Tra i giardini del quartiere residenziale di Glen Iris, a sudovest di Melbourne, la casa una e trina progettata dallo studio di Dominic Pandolfini non passa inosservata, catturando lo sguardo e l’immaginazione. La sua spiccata personalità è il frutto della cooperazione tra gli architetti e i clienti; questi ultimi, in fase di concept, avevano avanzato una serie di richieste precise e piuttosto originali.
«Due le indicazioni mandatarie», racconta Pandolfini, «la prima chiedeva di utilizzare materiali resistenti, ruvidi, di un’onestà semplice e non artefatta, una richiesta in linea con il nostro modo di concepire l’architettura. La seconda, più insolita, riguardava l’idea di riprodurre all’interno della casa l’esperienza del fluire del paesaggio e del mutare degli scenari, qualcosa di sperimentato dalla famiglia durante una recente vacanza sul fiume».
Pandolfini e la sua équipe hanno sfruttato l’andamento allungato del terreno per sviluppare un organismo architettonico multiforme e complesso, giocato sulla contrapposizione ruvido/rifinito e scomposto in tre volumi distinti ma fluidamente collegati fra di loro.
Ognuno di essi è un microsistema con caratteristiche, materiali e funzioni proprie, ma tutti insieme originano una sequenza di prospettive sempre cangianti, che si susseguono in un flow senza soluzione di continuità. La residenza si annuncia con le sagome scultoree di due cubi sovrapposti lievemente slittati, di colore e di materiali differenti.
«I mattoni della parte superiore sono rettangolari e inclinati di 45 gradi così da creare una superficie complessa su cui può danzare la luce. Poiché è orientata a ovest, alla base abbiamo usato un brise-soleil fitto di elementi cilindrici in rame verde, che schermano la luce diretta per definire una zona di privacy all’altezza delle camere», precisa Pandolfini.
Sulla facciata in cotto le iconiche aperture ad arco invertito anticipano il motivo ricorrente del padiglione successivo, visibile sullo sfondo.
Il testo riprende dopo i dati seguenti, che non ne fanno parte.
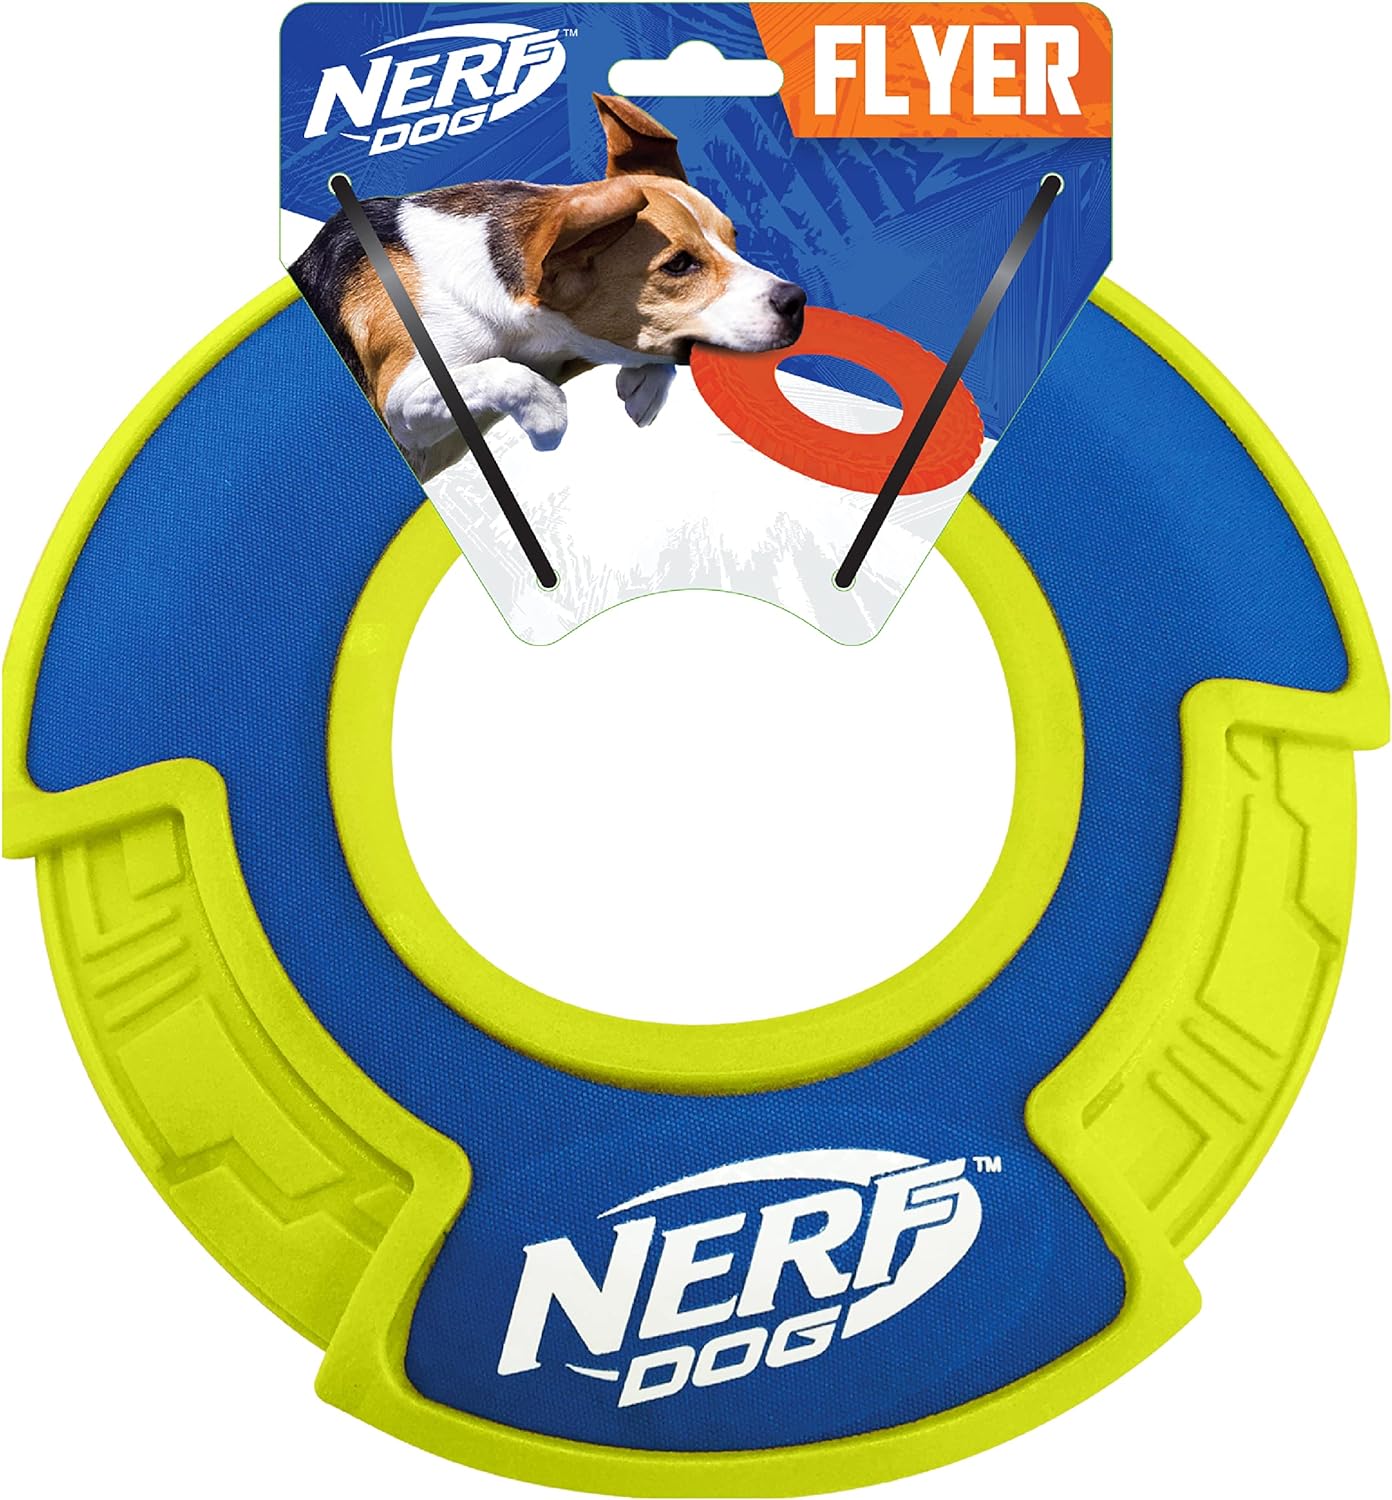 Nerf Dog Toss and Retrieve Flying Disc Dog Toys, Blue/Green

Nel secondo edificio lo studio di Melbourne ha realizzato un cambio-scena radicale, abbandonando le soffuse atmosfere urbane per ricreare un contesto più caldo e più rurale, che ricorda le architetture rustiche di Glenn Murcutt.
Il grande open space del fienile, sotto il tetto in lamiera foderato in rovere e i pavimenti di un elegante travertino, dischiude un universo luminoso, informale e confortevole. Un sistema di grandi archi in cemento, simile a una colonna vertebrale primordiale, domina e scandisce il ritmo dello spazio, prolungandosi all’esterno dove disegna il portico del piccolo ma accogliente giardino.
«La suggestione degli archi è un elemento ricorrente di tutto il progetto e ci ha aiutato a introdurre movimento, leggerezza e varietà, sdrammatizzando la regolarità della struttura: non volevamo che la casa apparisse troppo austera» ci spiega ancora l’architetto.
Ma ci sono anche altri elementi eterodossi inseriti per spezzare la continuità degli ambienti, come la piccola vetrata anomala del breakfast corner, disegnata a forma di cellula semicircolare e dilatata oltre la linea di perimetro, verso la piscina; oppure il camino gigante con le sue forme morbide, posizionato strategicamente al centro della zona giorno, così da delimitare e riorganizzare gli spazi del living e del dining tutt’intorno.
A conclusione della traversata fra i paesaggi domestici, il trittico di Glen Iris House si chiude con un garage-officina realizzato in stile brutalista, interamente in cemento bocciardato, dove è custodita l’amata collezione di auto d’epoca della famiglia.
Tra i molti dettagli sorprendenti della casa colpiscono le porte mimetizzate nella boiserie, da cui si aprono percorsi segreti, e le due luminose serre-corridoio, completamente vetrate, che accompagnano la transizione da un edificio all’altro, mostrando squarci panoramici verso i giardini e il paesaggio circostanti.
«Sebbene la composizione sia un tema costante del nostro lavoro, di solito la tavolozza dei nostri elementi è molto più ridotta», confessa Pandolfini. L’esito del programma può considerarsi raggiunto: Glen Iris House è un’esperienza ricca di invenzioni, di biodiversità architettonica e di colpi di teatro. L’unica cosa che manca è la monotonia.